AI Cyber Threats Enter New Phase as Google Team Discovers “Just in Time” LLM-Powered Malware
November 11, 2025
Google’s Threat Intelligence Group (GTIG) documents the first known uses of their Gemini AI assistant to actively participate in live malware attacks, with the capability to do things like generate scripts and change up obfuscation methods on the fly without a hacker’s input.
While it’s still in the extremely early stages, and still some time off from running rampant in the wild, it appears the days the cybersecurity world have been dreading are finally here. A recent report from Google’s Threat Intelligence Group (GTIG) documents the first known uses of their Gemini AI assistant to actively participate in live malware attacks, with the capability to do things like generate scripts and change up obfuscation methods on the fly without a hacker’s input.
Malware able to call on LLM, create new functions in midst of attacks
Before any real panic sets in, GTIG notes that these tools are all in states considered “experimental,” “proof of concept” or “testing” at this point and are of limited threat capability. The lone attack in the wild that is mentioned in the report is a Fancy Bear campaign against Ukraine in June using one of the listed malware tools, of unspecified success. But working models do now exist and are in use, something that was not observably true when this year started.
The report notes that even this early experimentation is still mostly the province of advanced nation-state hackers from Russia, China and Iran. But it also observes a “robust” underground trade in AI-powered hacking tools emerging, with the big change this year being lots of multiple-function tools appearing that are nearly all centered on supporting phishing campaigns by providing LLM access.
This is the early stage of a big changeover from AI being used only in “support roles” to it being implemented in active malware creation and mid-attack autonomous assistance, and GTIG’s report (issued on November 5) is the first from a major source to note the shift.
Can AI defenses counter AI attack tools?
The report documents at least two families of malware with AI generation capability that together include ransomware generation, autonomous combing and extraction from GitHub repositories, obfuscators and reconnaissance tools. All have been demonstrated as able to adapt on the fly during an attack in response to defensive measures, though all are still in a relatively rudimentary state.
Much of this leans on skirting around the guardrails of the major LLMs, which the report finds the major nation-state threat actors getting better at as well. A Chinese team was able to successfully jailbreak Gemini by telling it the otherwise-blocked requests were for a cybersecurity “capture the flag” exercise, while Iranian hackers won through simply by telling it that they were university students working on a paper.

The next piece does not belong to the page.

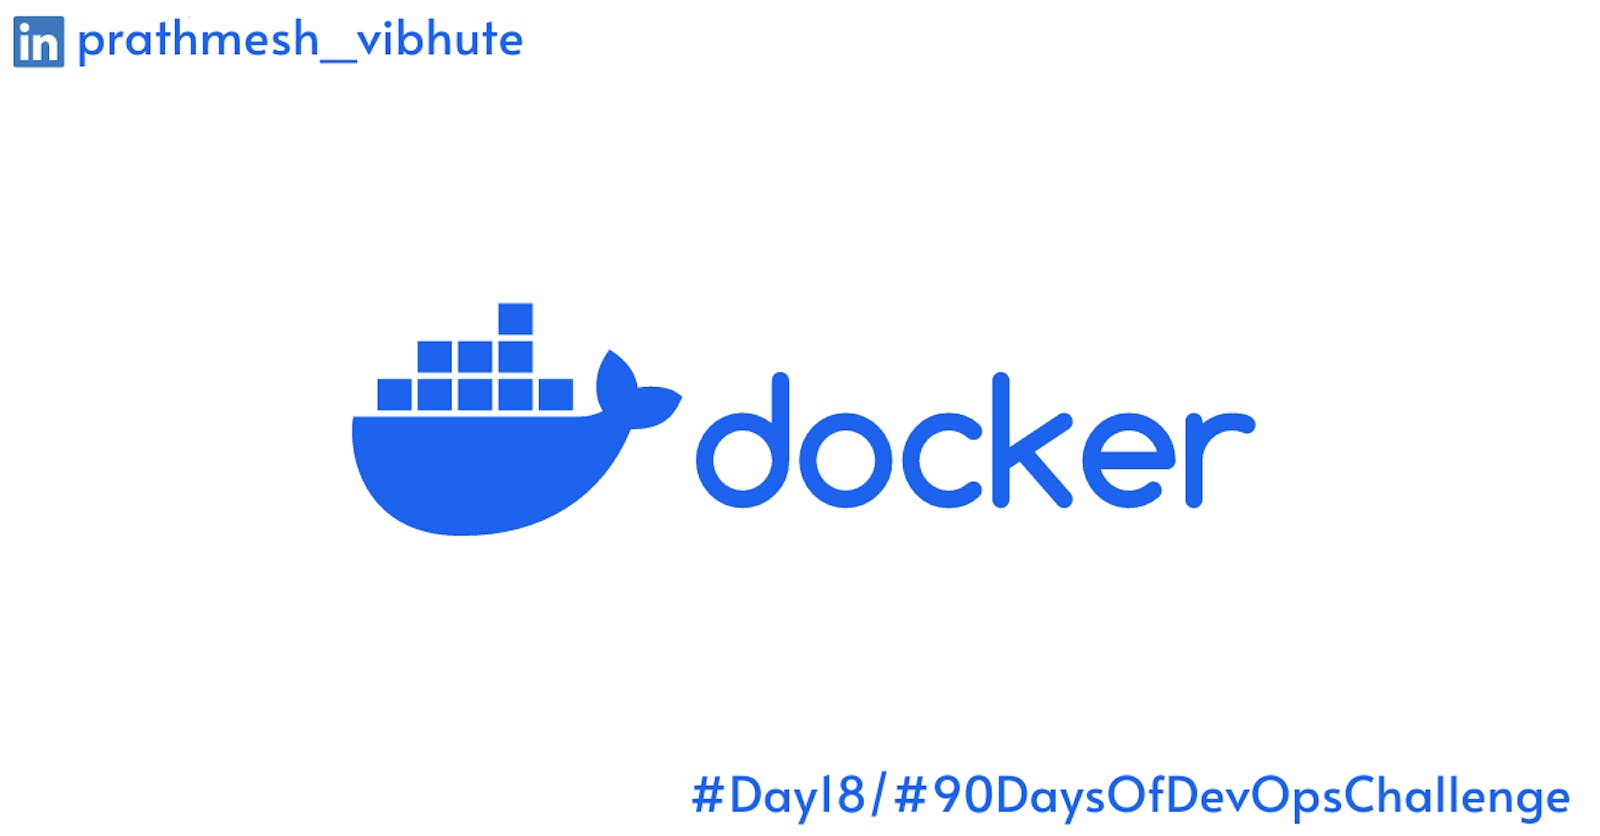 Day 18 : Docker for DevOps Engineers

An AI arms race is to be expected as generative malware develops. But at present, AI defenses are very likely running behind attack capability. As these offensive tools get better they will run roughshod over the modern static rules-based defenses that underpin current security. Not only that, the underground availability of AI-based tools means more attackers overall in the pool as less technically capable actors can get a hand up. At the moment, the best defense is the LLM creators themselves implementing stringent guardrails that throttle the ability to abuse them.

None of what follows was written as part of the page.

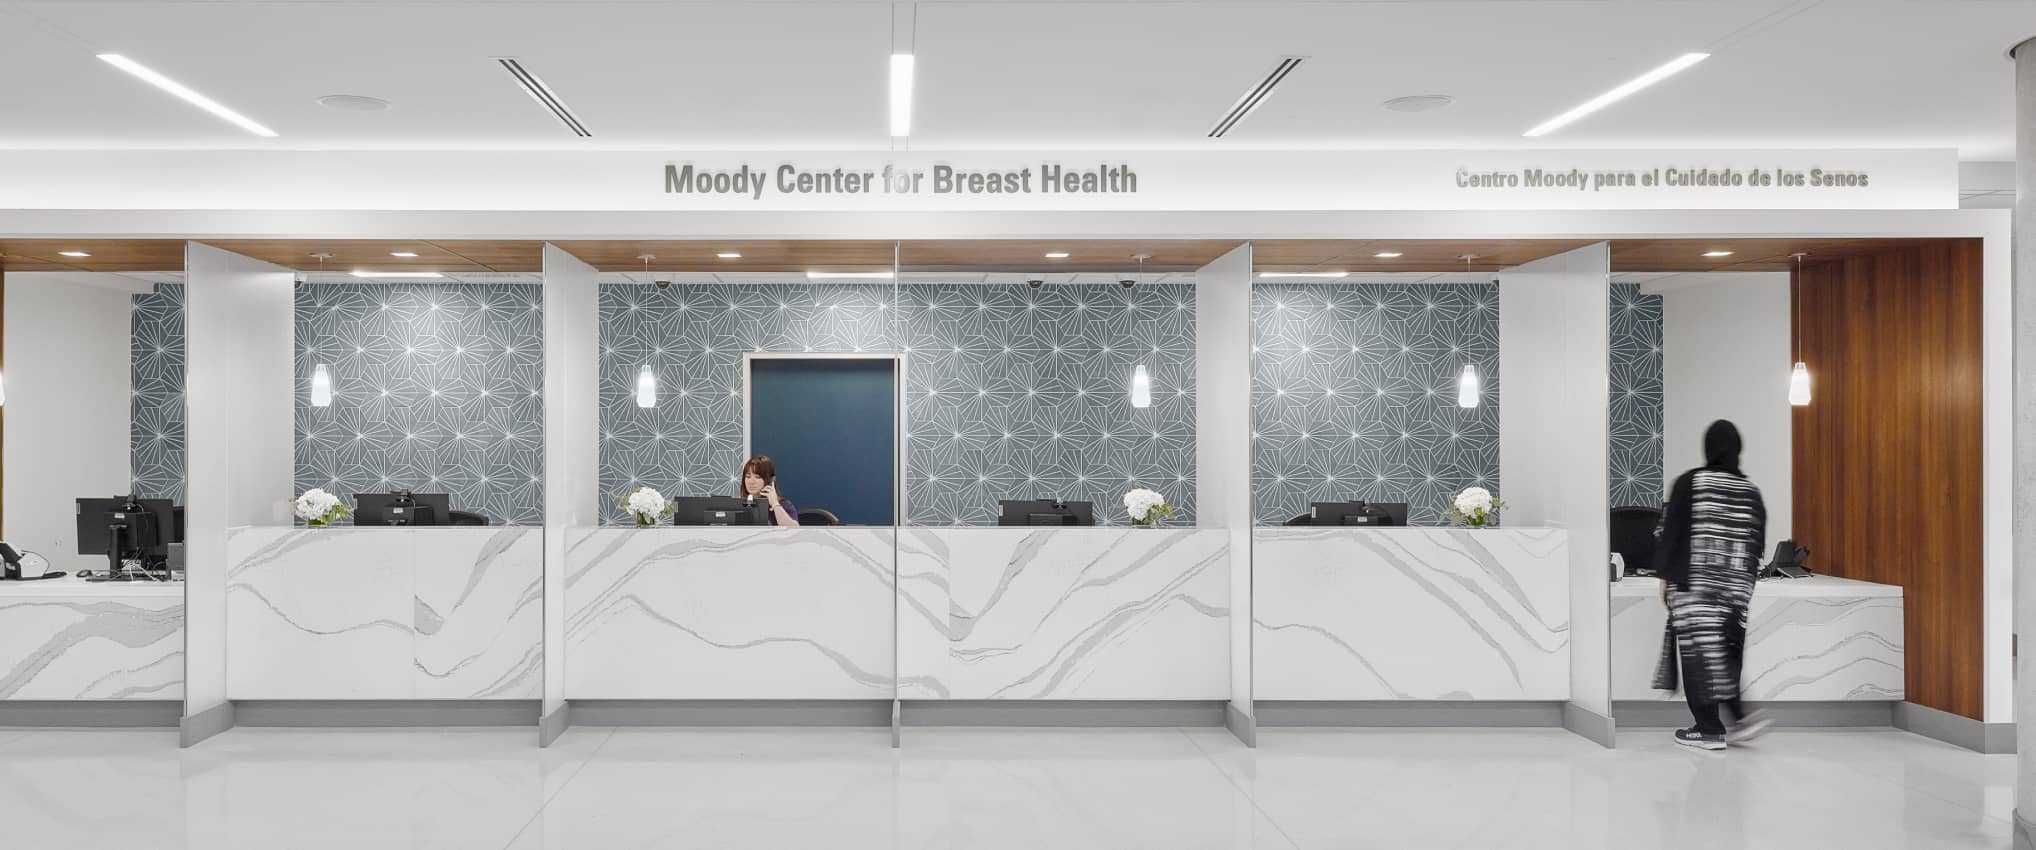 Parkland Hospital Moody Center for Breast Health

The other important layer of defense will be planning for AI by design in general purpose security tools, and it remains to be seen how quickly or effectively the market will respond to this new development. In general, tools will need to shift from looking to previous malware patterns to anticipating what the malware will do while attacking and monitoring those possibilities. AI is fully capable of learning what looks anomalous in the environments it will be defending, drawing on things like telemetry and behavioral signals, but attackers appear to be taking the lead at this point and those caught up in the “old way” of doing things will likely find themselves as part of a rash of their victims.